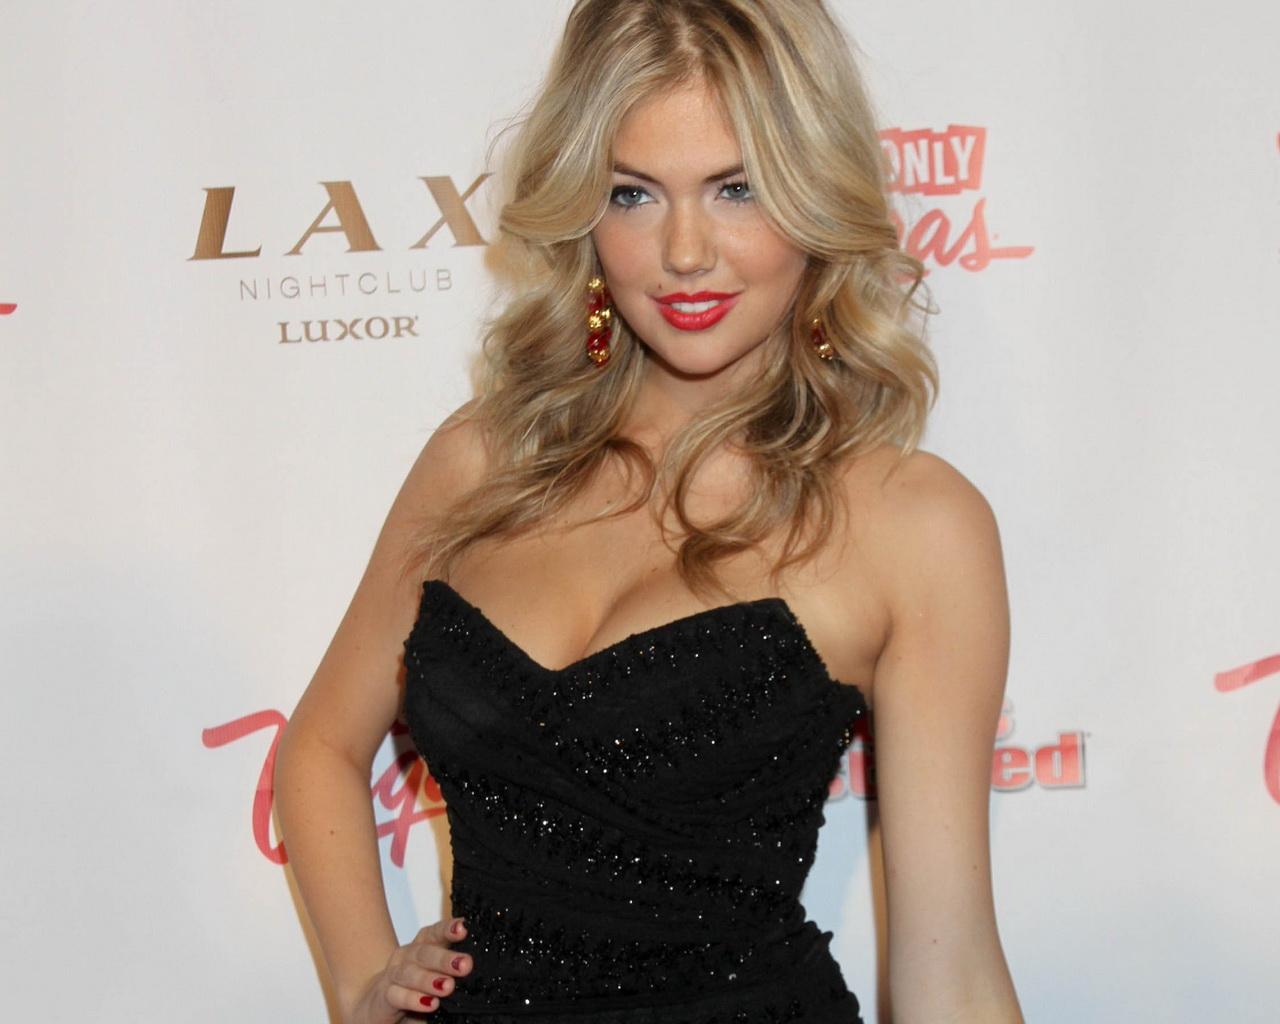 http://4.bp.blogspot.com/-FQiyHvKlIBI/T4rxsW_4mRI/AAAAAAAAGhs/-86hwrK19YU/s1600/Kate+Upton+2+FB.jpg
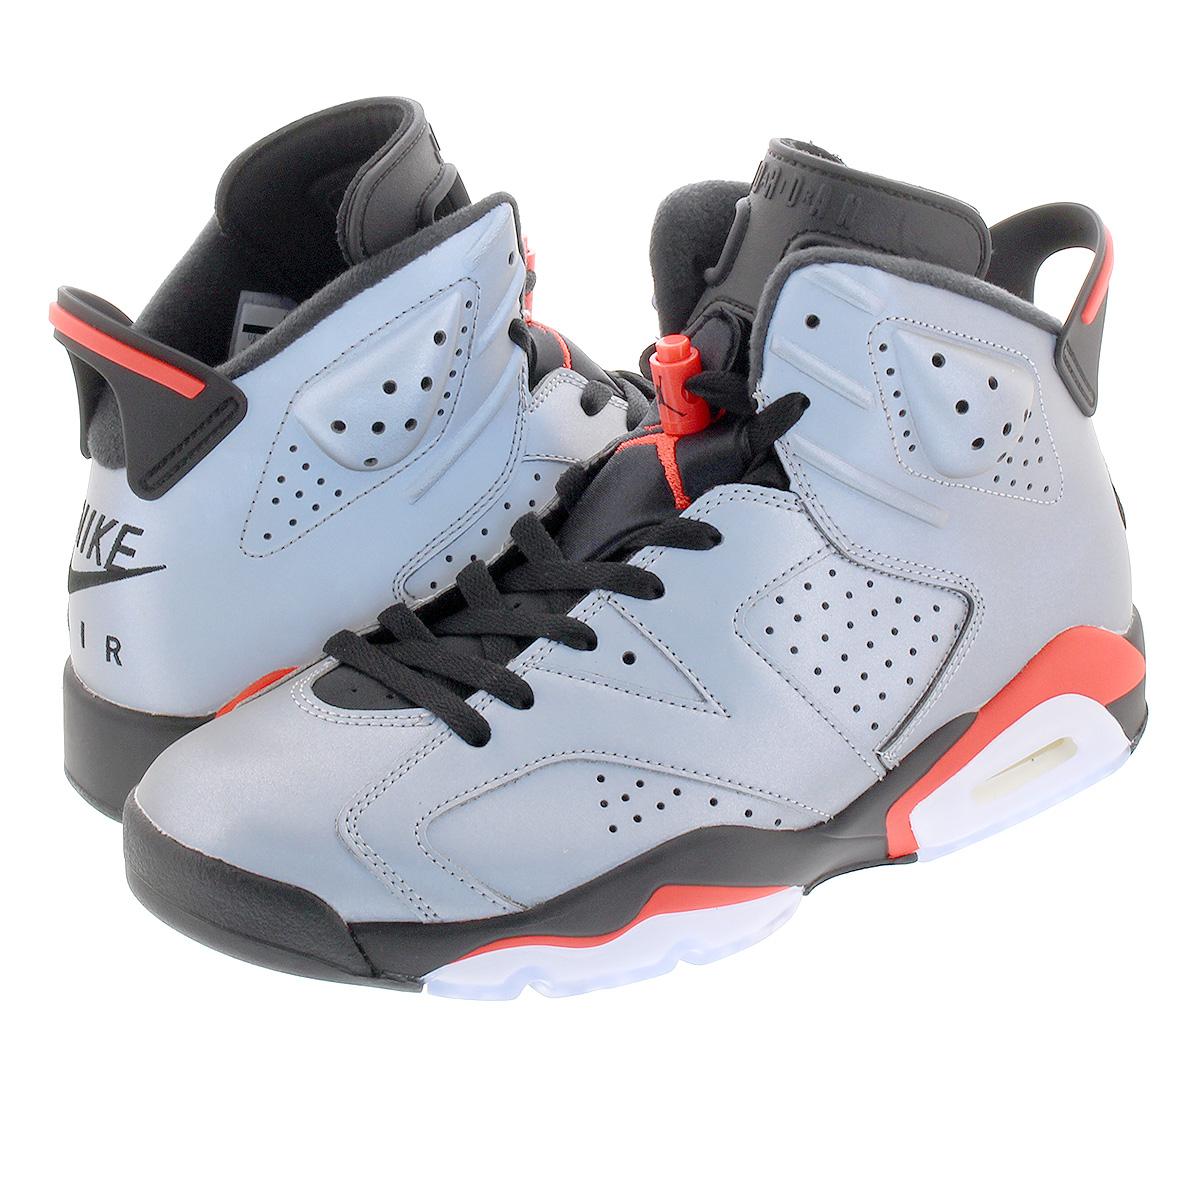 détaillant en ligne ad2b4 18b71 NIKE AIR JORDAN 6 RETRO SP Nike Air Jordan 6 nostalgic SP REFLECT  SILVER/INFRARED/BLACK ci4072-001
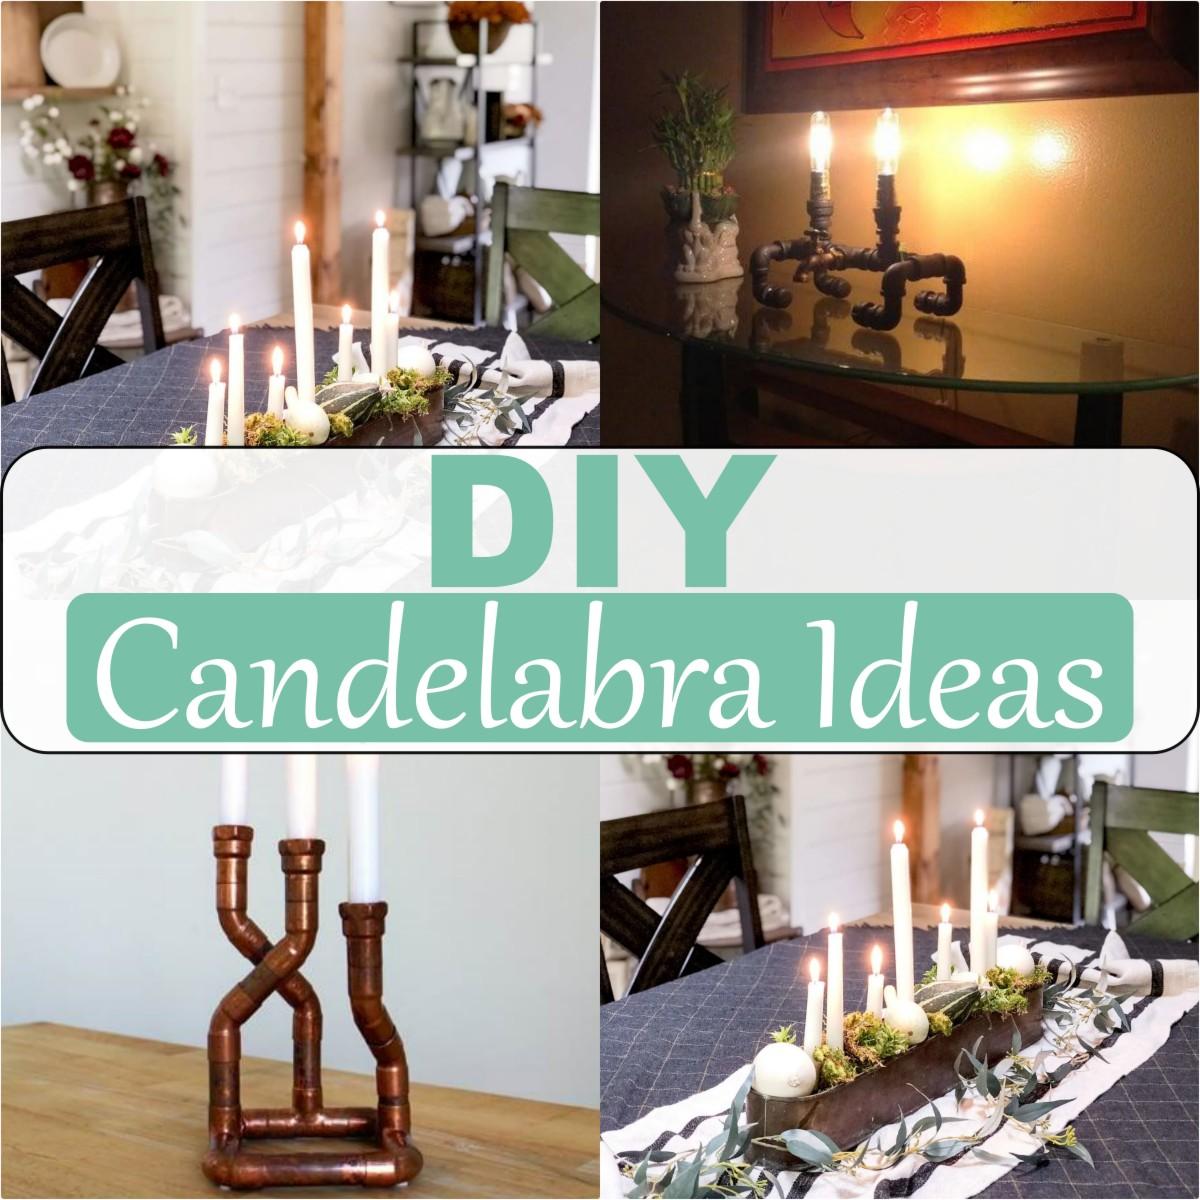 DIY Candelabra Ideas
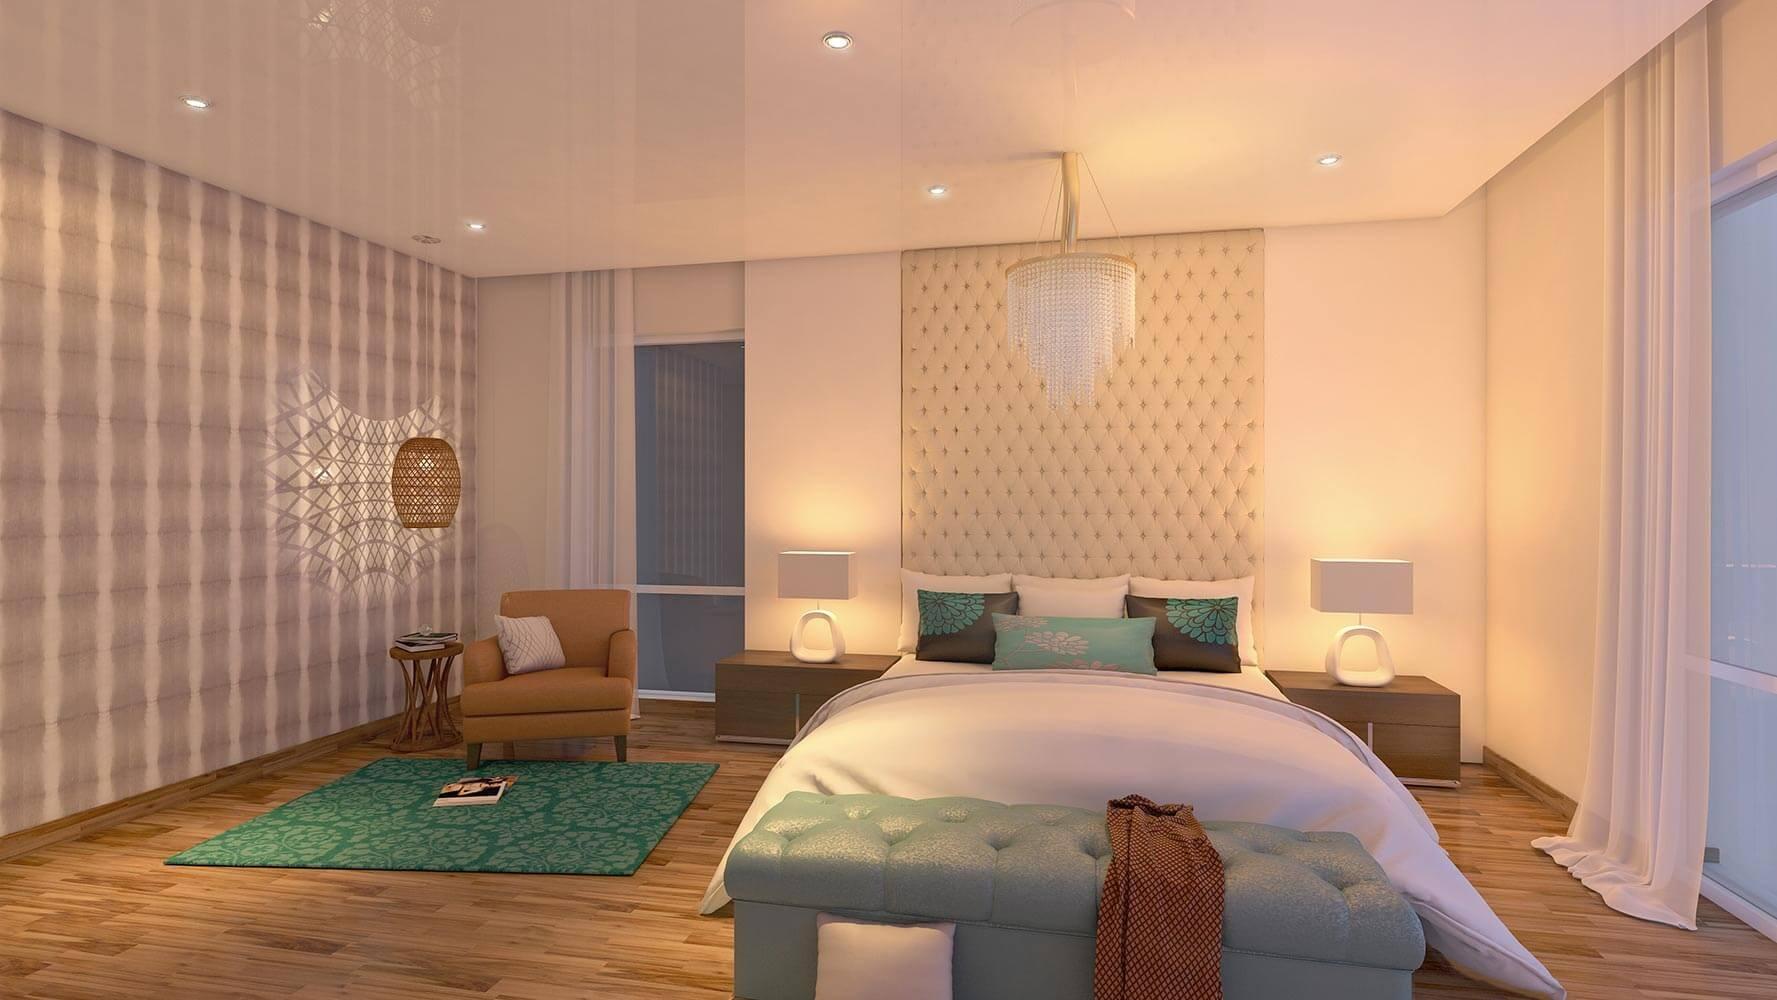 amar westview project apartment interiors2
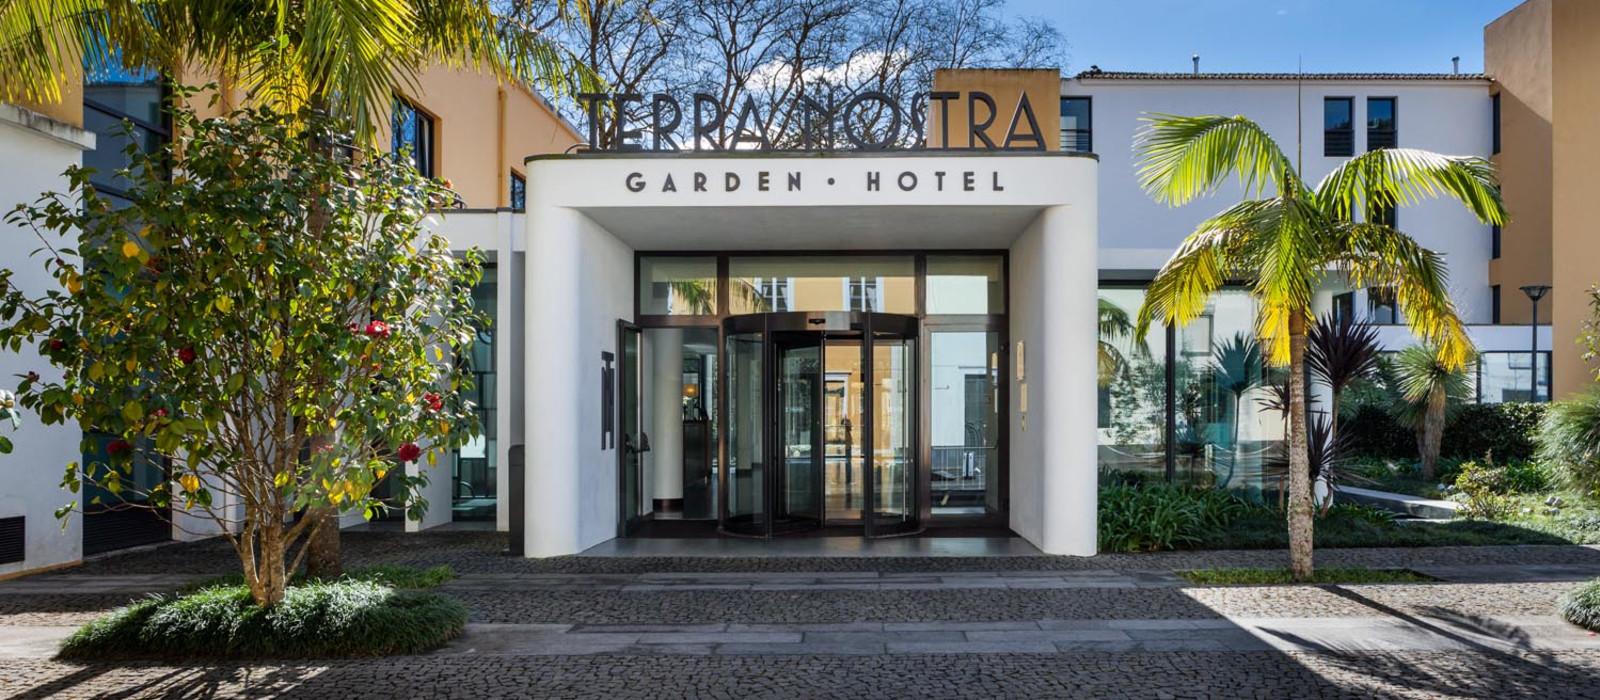 Hotel Terra Nostra Garden  Portugal

++++

> **What is needed**: If a picture falls within the lines from the one containing "détaillant en ligne" through the end of the material, leave it out while repeating those lines exactly.

> **Result of the exercise**:
 détaillant en ligne ad2b4 18b71 NIKE AIR JORDAN 6 RETRO SP Nike Air Jordan 6 nostalgic SP REFLECT  SILVER/INFRARED/BLACK ci4072-001
 DIY Candelabra Ideas
 amar westview project apartment interiors2
 Hotel Terra Nostra Garden  Portugal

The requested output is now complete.